§ Task brief
The answer is the full listing below, copied exactly, with its pictures omitted.

§ Data extract
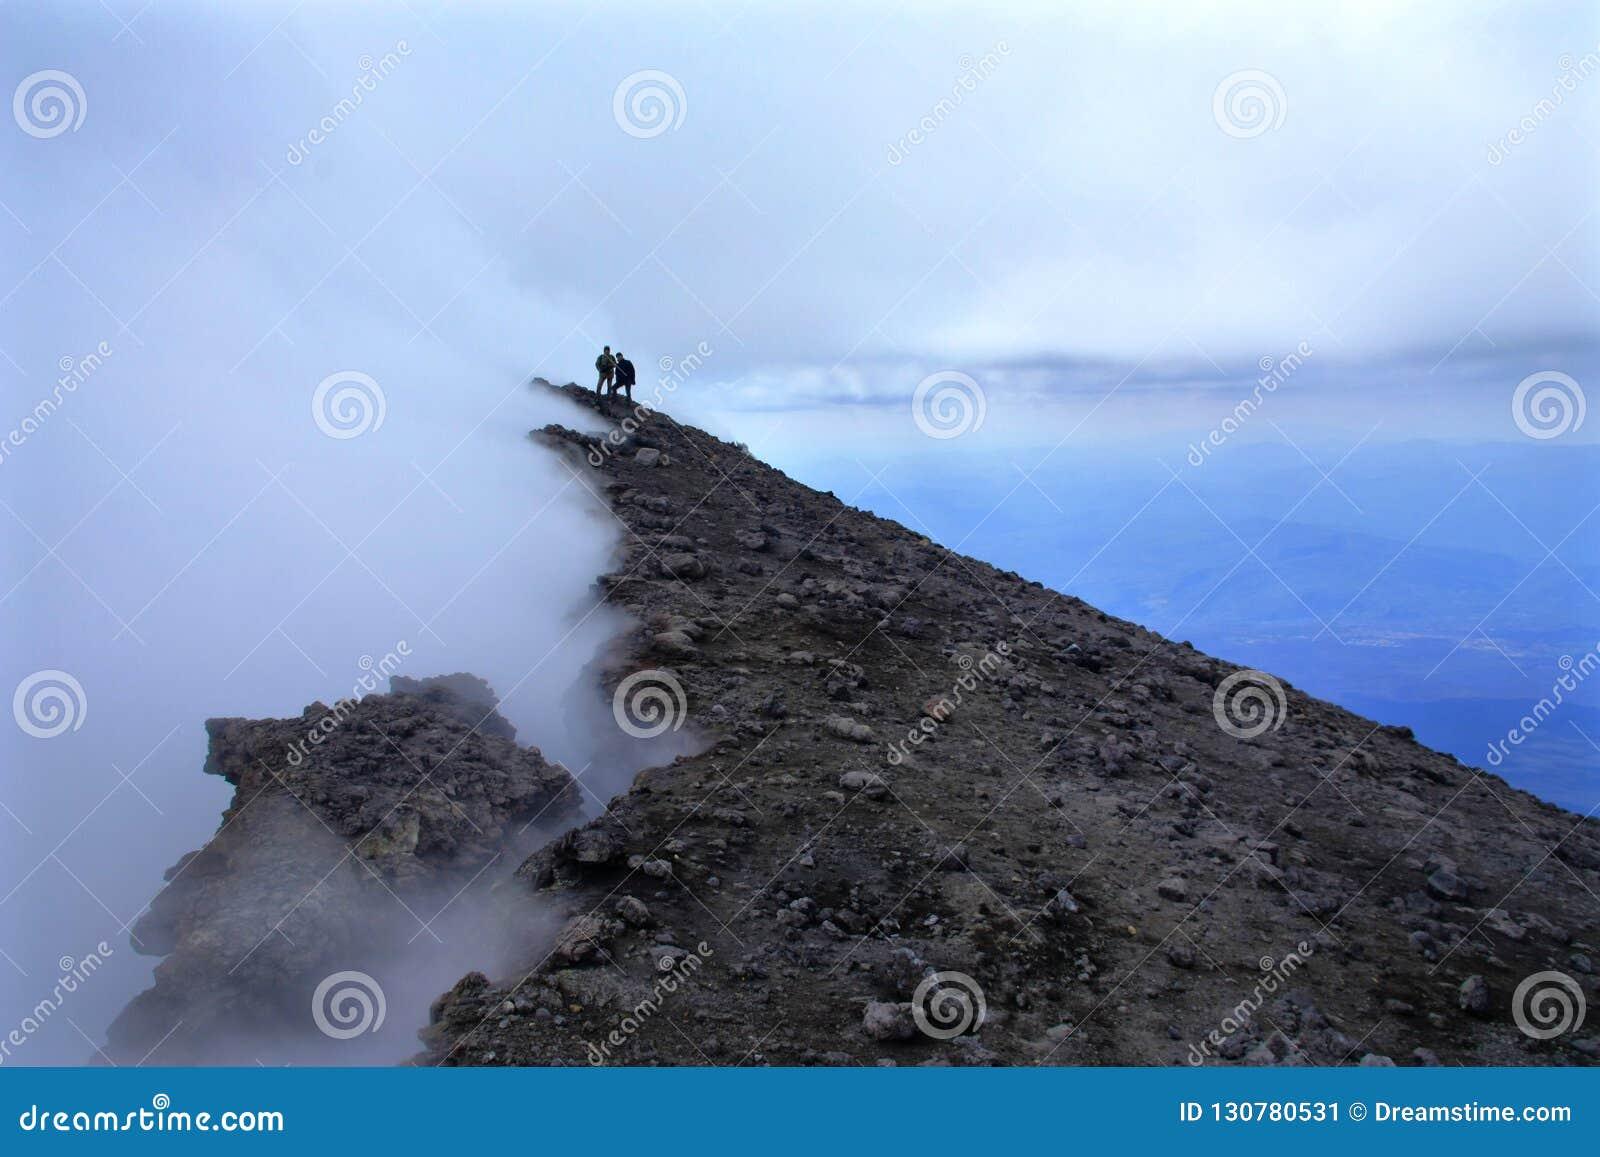 Mungibeddu aka Mt. Etna is the highest european volcano.
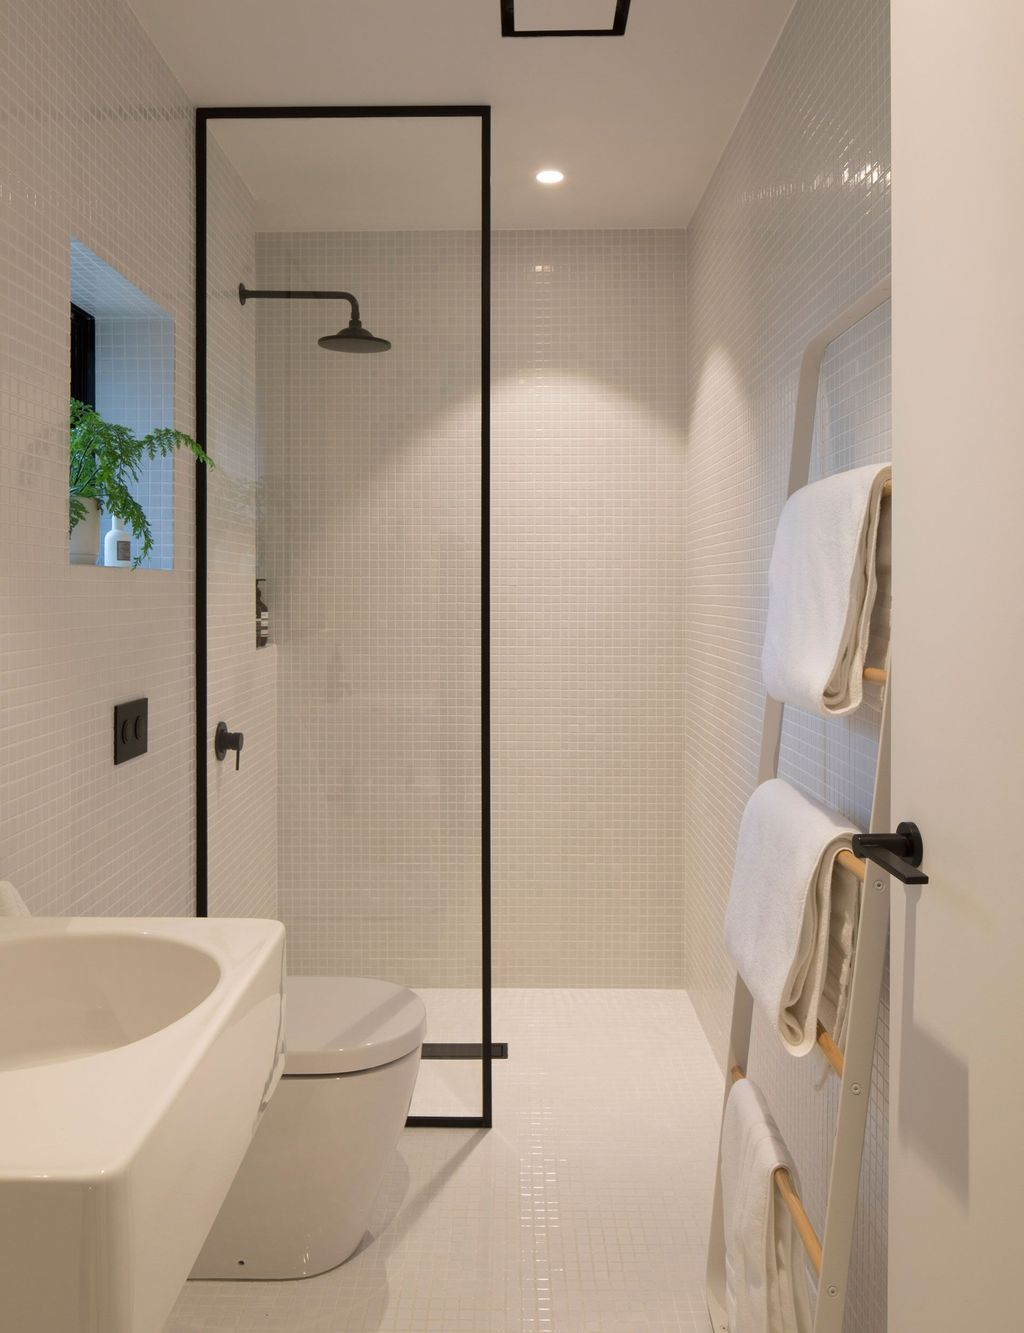 Fabulous Minimalist Bathroom Decor Ideas That Become Everyones Dream 20
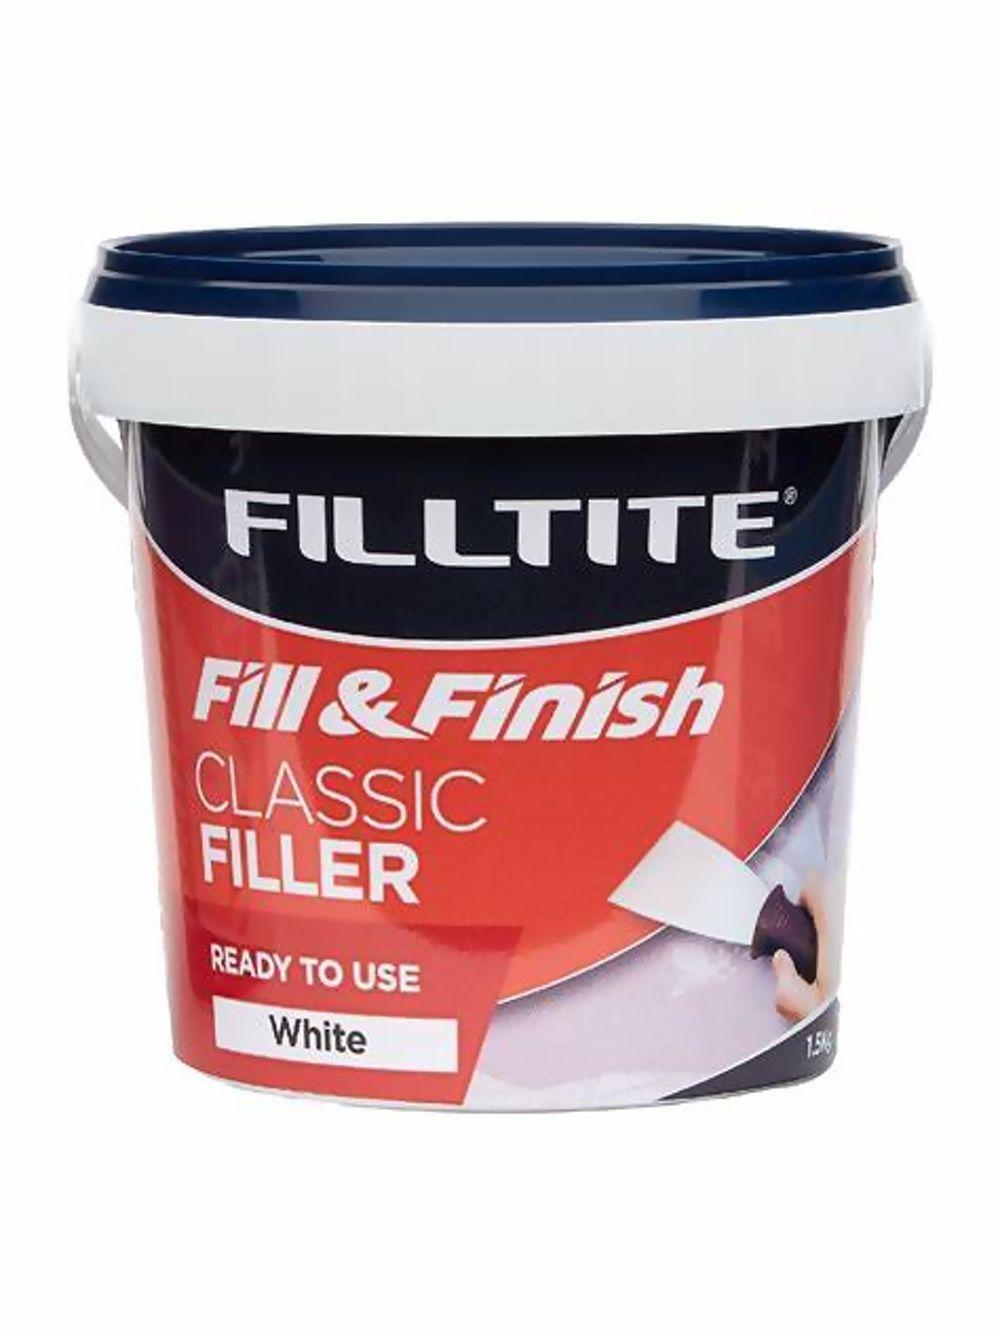 Filltite Fill & Finish Ready Mixed Classic Filler Ref F18365

§ Solved problem
 Mungibeddu aka Mt. Etna is the highest european volcano.
 Fabulous Minimalist Bathroom Decor Ideas That Become Everyones Dream 20
 Filltite Fill & Finish Ready Mixed Classic Filler Ref F18365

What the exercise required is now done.